In practical application, the robustness detection method of the model provided by the embodiment of the application can be oriented to enterprise users and individual users. Generally speaking, enterprise-oriented users aim to develop their own solutions, but do not have any knowledge or discrimination capability on the stability of the model. For individual users, for example, a certain developer writes a model by himself, a diagnostic tool of a self-compiled model is needed to continuously perform model optimization, so that a model with better robustness is delivered.
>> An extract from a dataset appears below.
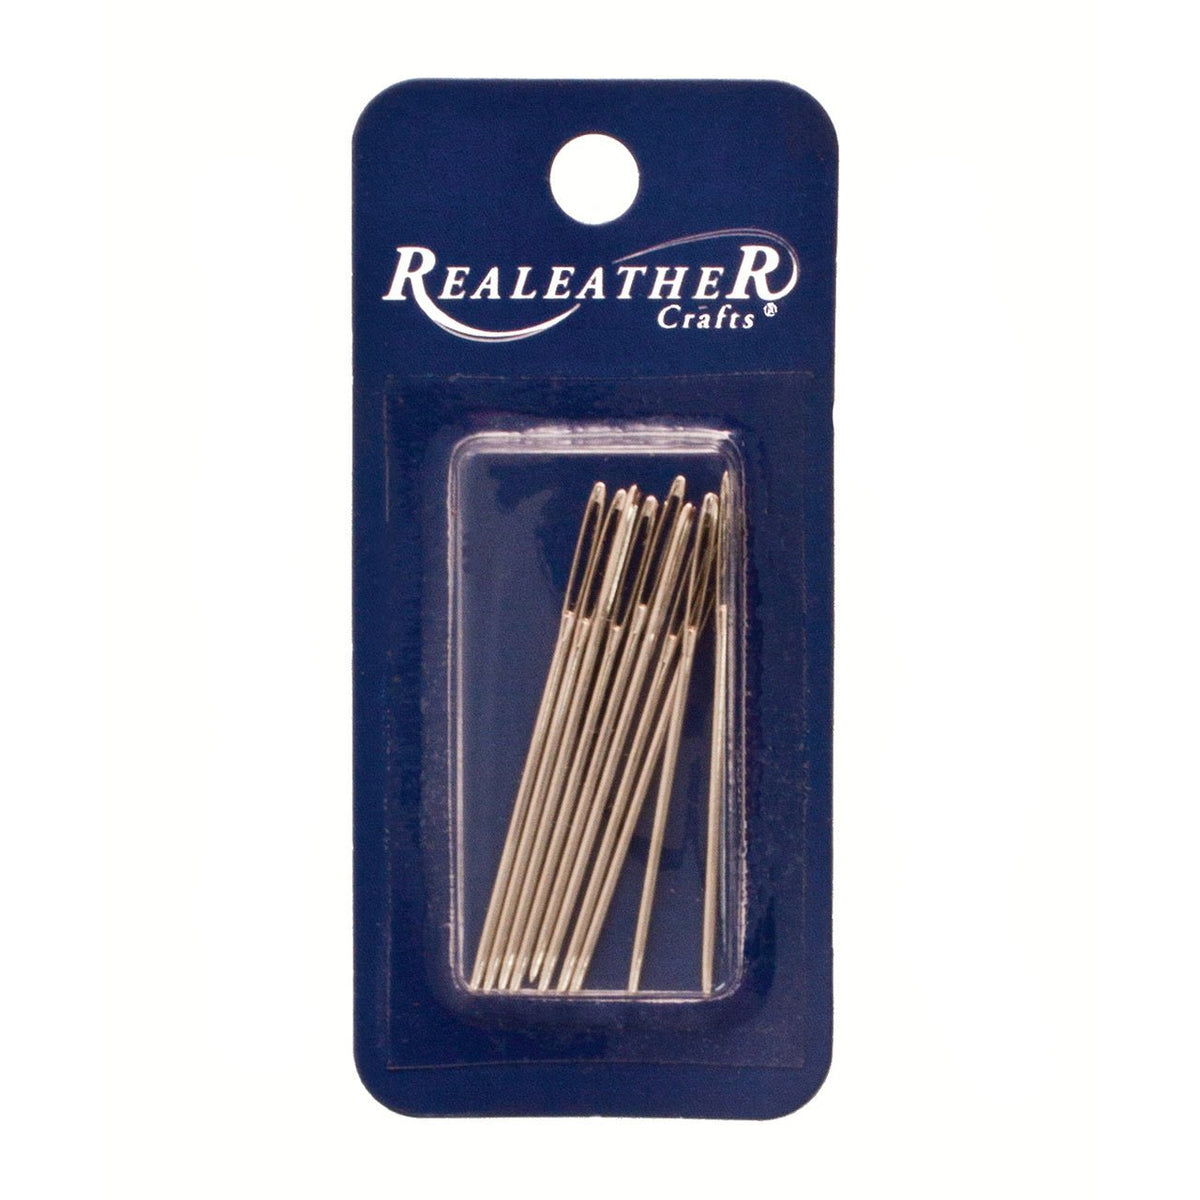 Leather Stitching Needles - 10 Pack - merriartist.com

The robustness detection method of the model provided by the embodiment does not require whether the target person using the target model is a technician or not, and can be any ordinary user without technical knowledge. For a user, a robust diagnosis result can be obtained only by providing a target model to be detected, and visual suggestions are provided for the user quickly and accurately.

Referring to fig. 9, different embodiments of a robustness detection method for an application model are provided herein for enterprise users and individual users, respectively.

When facing individual users, firstly, a data set input by user definition and a self-uploaded target model are obtained according to the uploading operation of the users, and an original sample image as an attack object and an anti-sample image attacking the original sample image are obtained from the data set. Then, initiating an attack behavior to the target model based on the confrontation sample image, namely calculating the similarity between the original sample image and the confrontation sample image through the target model to obtain the image similarity; and obtaining robustness detection data of the target model based on the image similarity and the similarity threshold. The robustness diagnosis of the target model is performed in the above manner. And finally, labeling, sequencing, visually displaying and the like are carried out on robustness detection data such as key feature points, attack success time information, attack success rate and the like to obtain a robustness diagnosis result. Specifically, the robust diagnostic result may be presented in the form of a report with reference to the example provided in fig. 4; the robust diagnosis result may include: the method comprises the following steps of model name, data set name, model robustness before and after attack, key feature points, confidence sequence and image similarity, attack time and attack success rate and the like.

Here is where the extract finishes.